Intraoperative Venous Congestion And Delirium After Cardiac Surgery: A Prospective Cohort Study
Overview
- Phase
- Not Applicable
- Status
- Recruiting
- Sponsor
- Zhuan Zhang
- Enrollment
- 120
- Locations
- 1
- Primary Endpoint
- Postoperative delirium after surgery
Overview
Brief Summary
Postoperative delirium (POD) is an acute brain dysfunction characterized by inattention, impaired consciousness, and cognitive and orientation disturbances, and is a common complication after cardiac surgery. The high incidence of up to 52% of POD in cardiac surgery patients lead to a range of adverse clinical outcomes.The brain tissue is enclosed in a rigid anatomical structure; when there is an obstruction to venous return from the brain, intracranial pressure can increase, and blood supply to the brain tissue can decrease, leading to central nervous system dysfunction.
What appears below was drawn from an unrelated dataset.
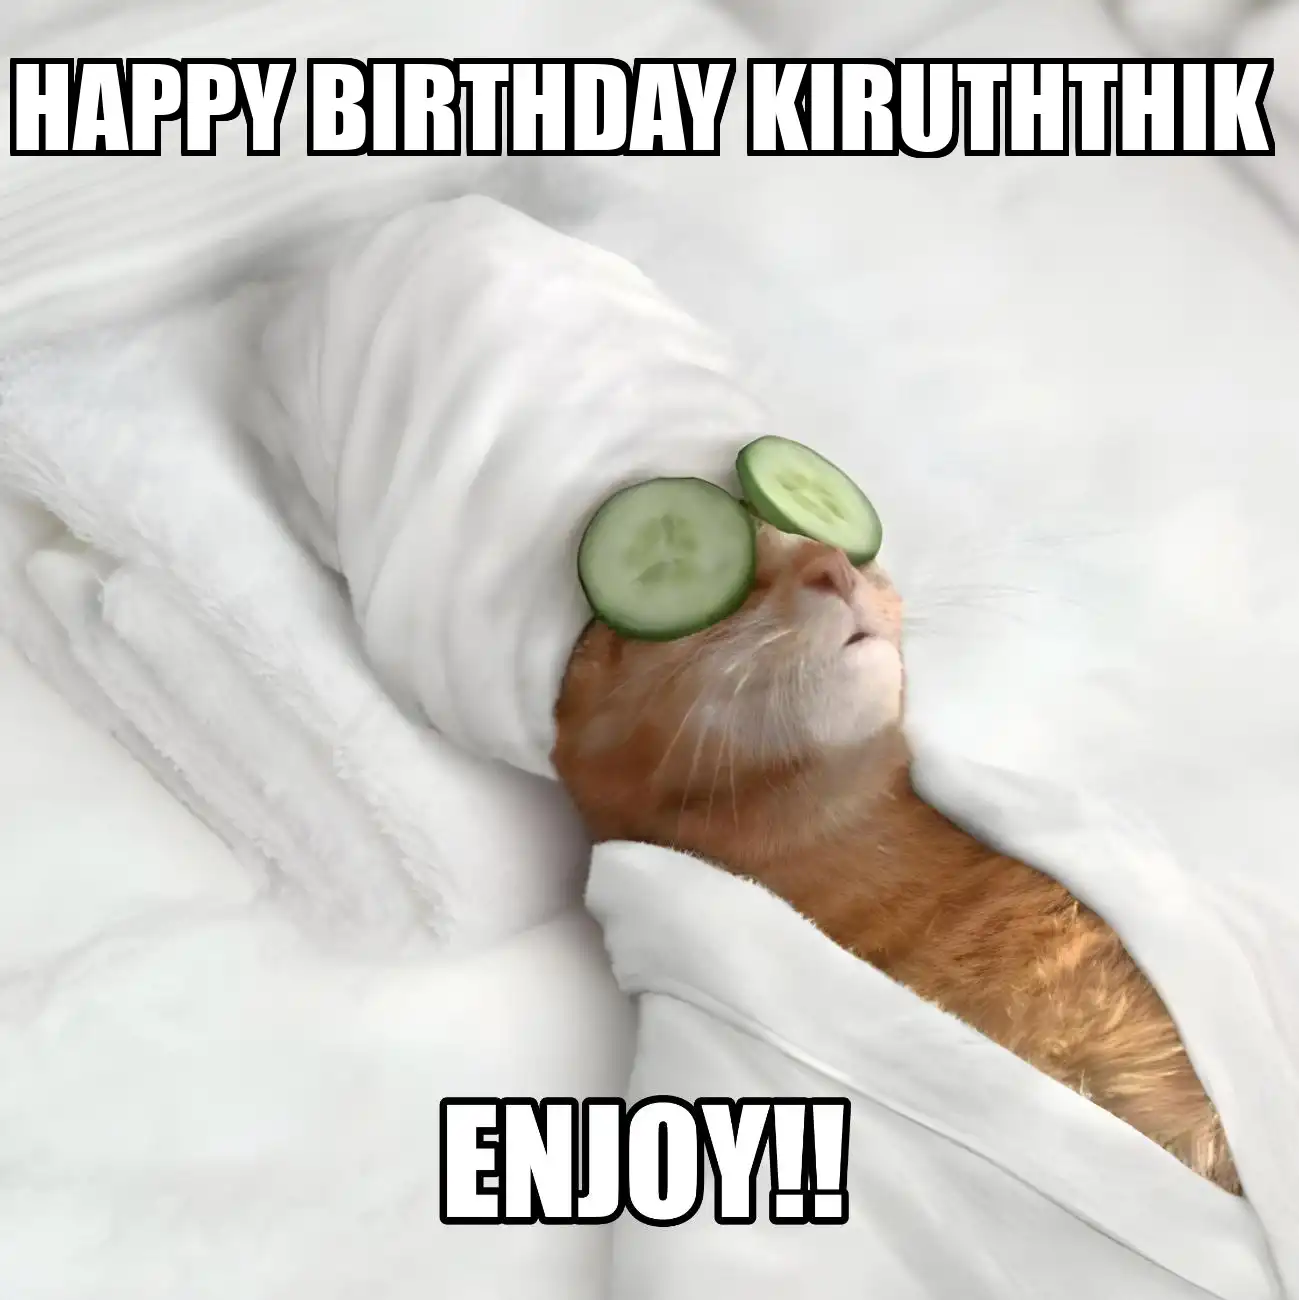 Happy Birthday Kiruththik Enjoy Cat Meme

Systemic venous congestion can occur when there is right heart dysfunction or excessive volume load. When right heart failure and/or volume overload occurs, changes in right atrial pressure are transmitted to the venous system of organs throughout the body, with dilatation of the inferior vena cava (IVC), obstruction of blood return from the hepatic, portal, and renal veins, and abnormal venous flow signals and altered ultrasound Doppler flow patterns.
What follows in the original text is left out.